The name "morning coat" derives from morning nineteenth-century horseback-riding exercise for gentlemen. The garment was regarded as an informal form of half dress. Gradually it became acceptable as an alternative to the frock coat for formal day-wear or full dress. Since the nineteenth century it is normally only seen at weddings, at formal baptisms, and (in England and Australia) at races such as Royal Ascot, the Derby and the Victoria Derby, where it is worn with a contrasting waistcoat, usually light grey or sometimes "fancy", and perhaps in club colours. It is very occasionally seen at funerals but more often it is used as day wear at formal luncheons, especially on civic occasions under formal gowns, when worn with a black matching waistcoat (vest). Male members of the cabinet of Japan wear morning coats in their first public appearance following the formation of the cabinet.

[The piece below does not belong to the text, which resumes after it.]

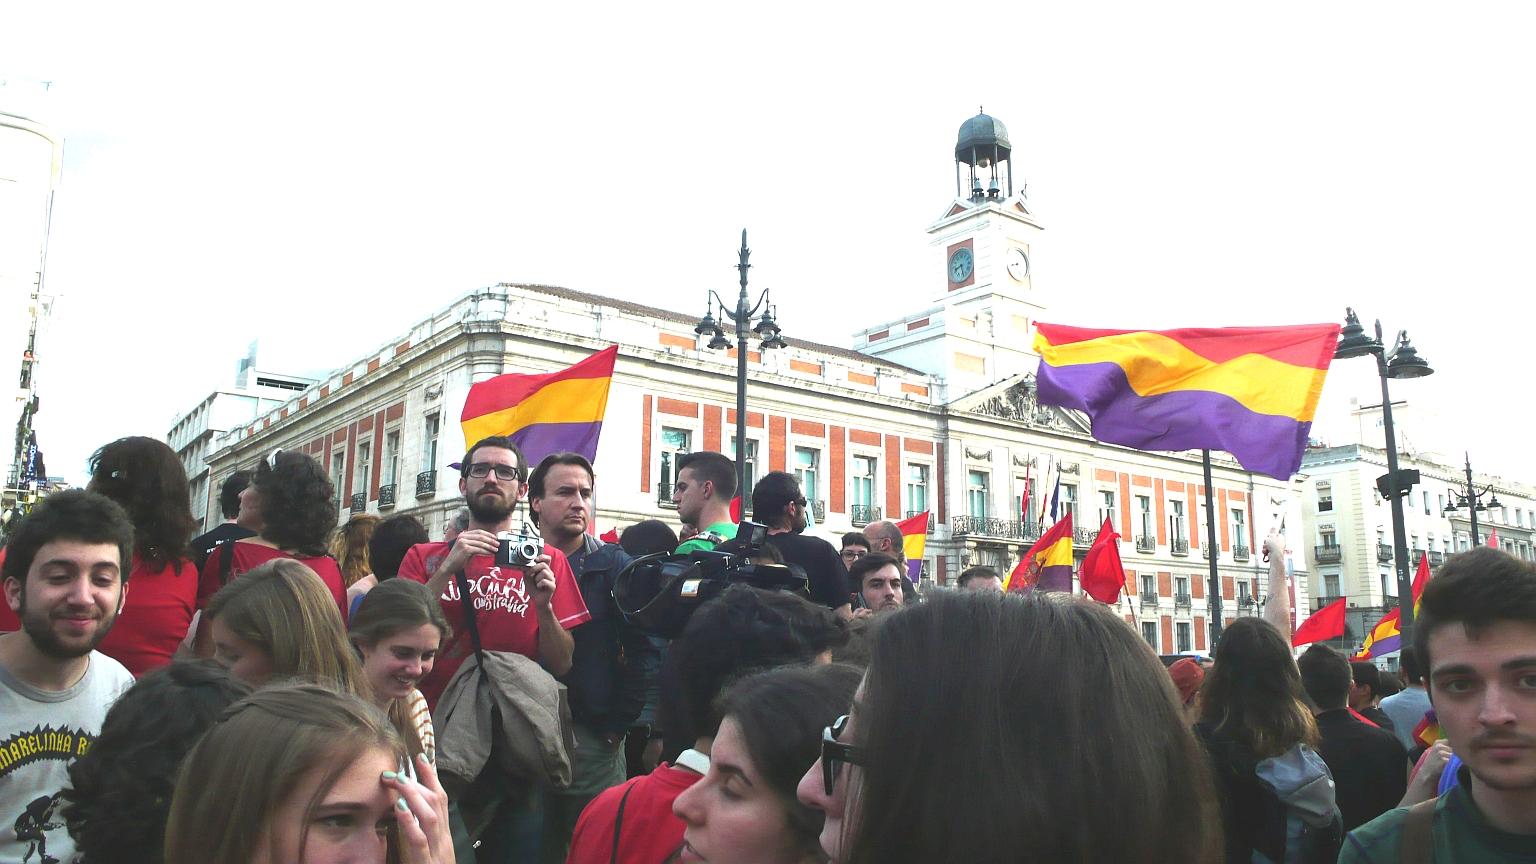 Puerta_del_Sol_Multitude_2014_06_02_2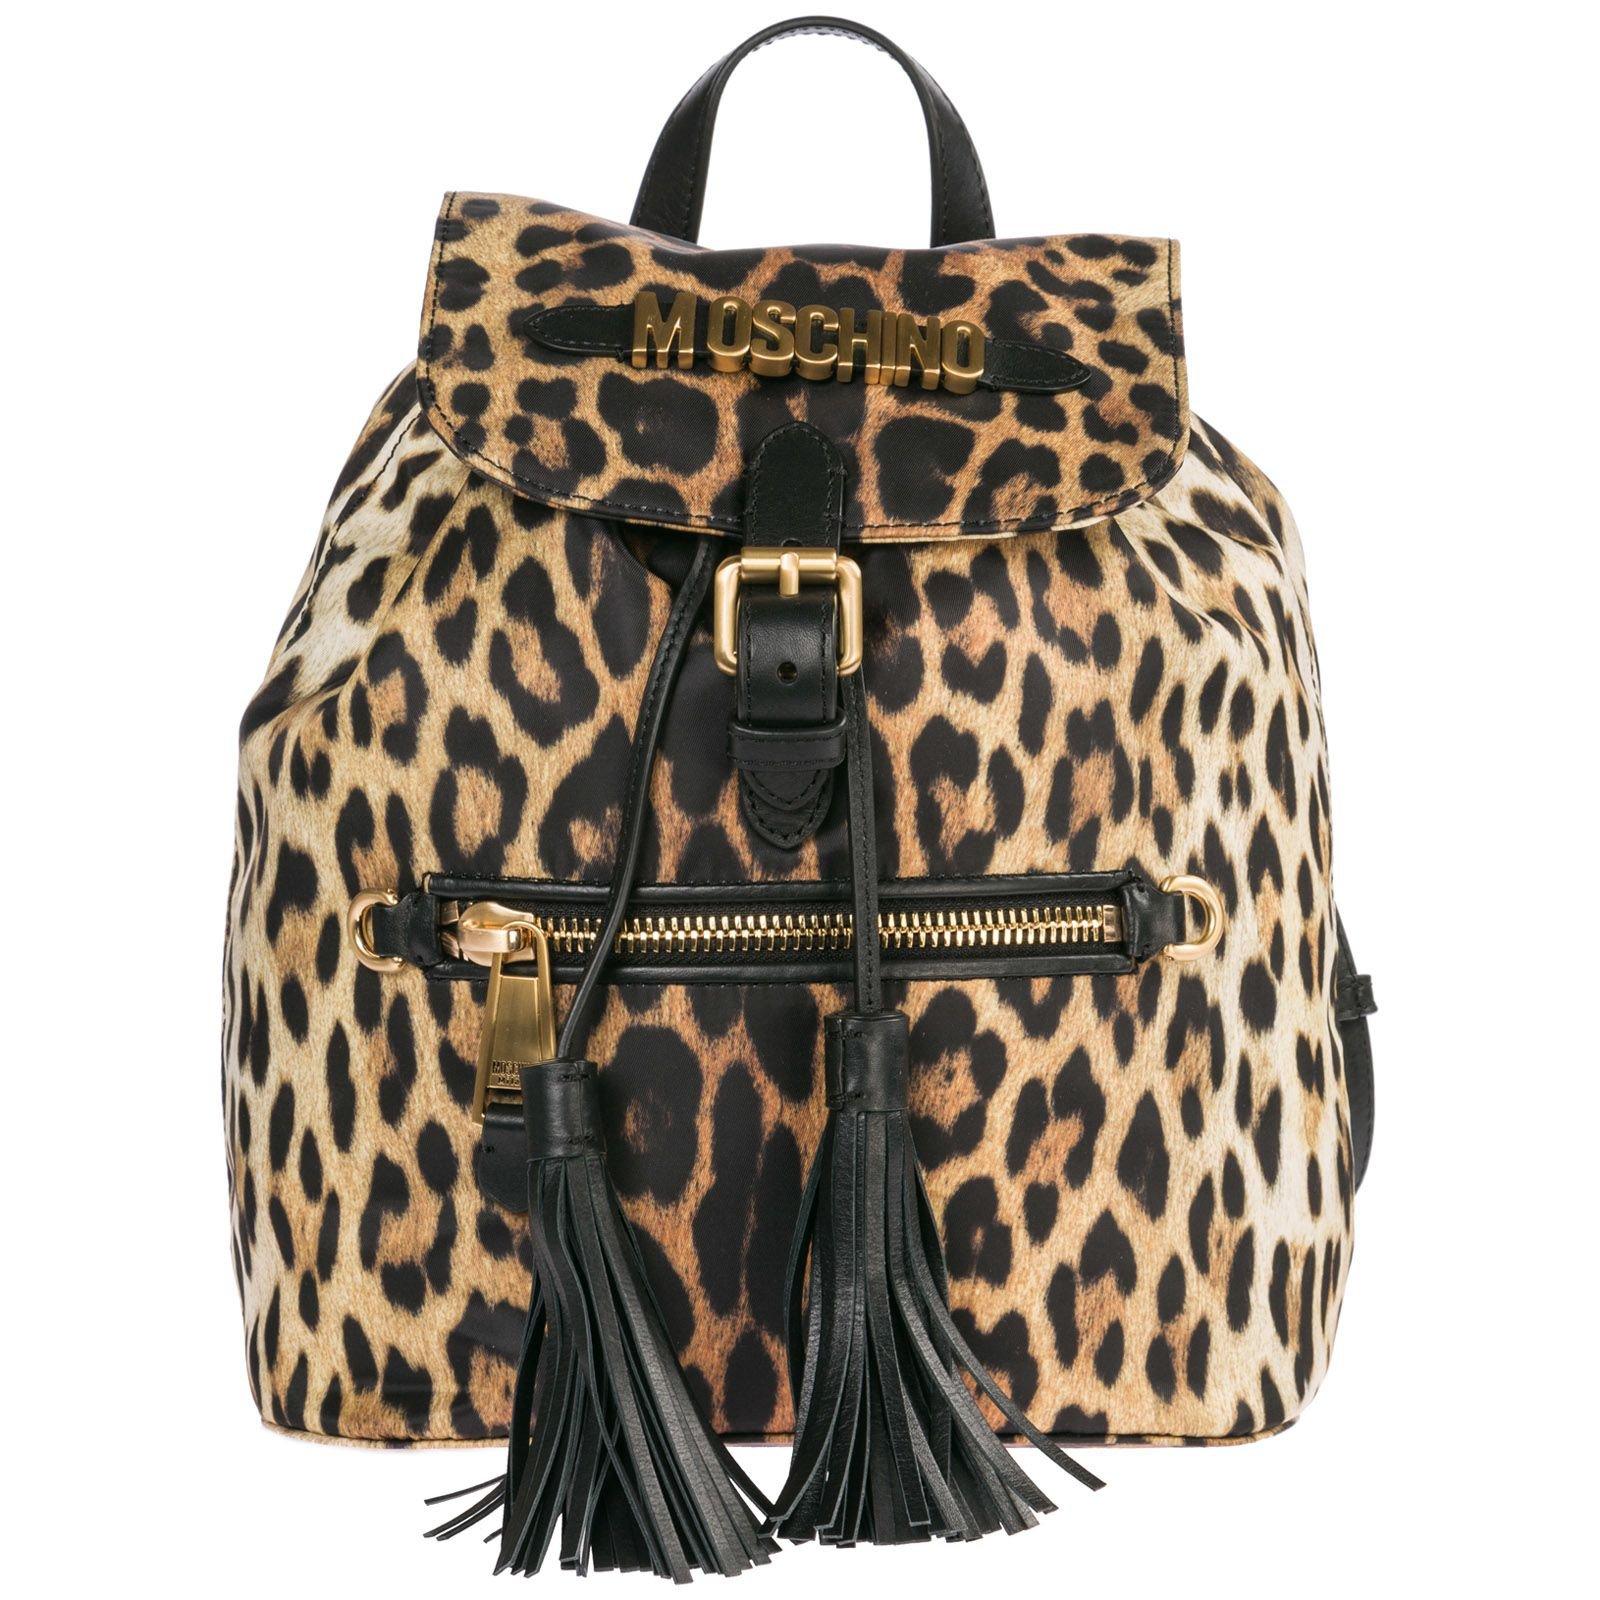 Moschino Rucksack Backpack Travel Leopard

The Marshal and Clerk of the United States Supreme Court wear morning coats when the justices are appearing in public wearing their traditional robes, for example when the court is in session, or when attending the President's State of the Union address. At one time all attorneys appearing before the court wore morning coats, but they now wear standard business attire. The United States Solicitor General (when the office is held by a male) and his or her male deputies continue the tradition of wearing morning dress when arguing before the court.

In modern American English, morning coats are referred to as cutaway coats.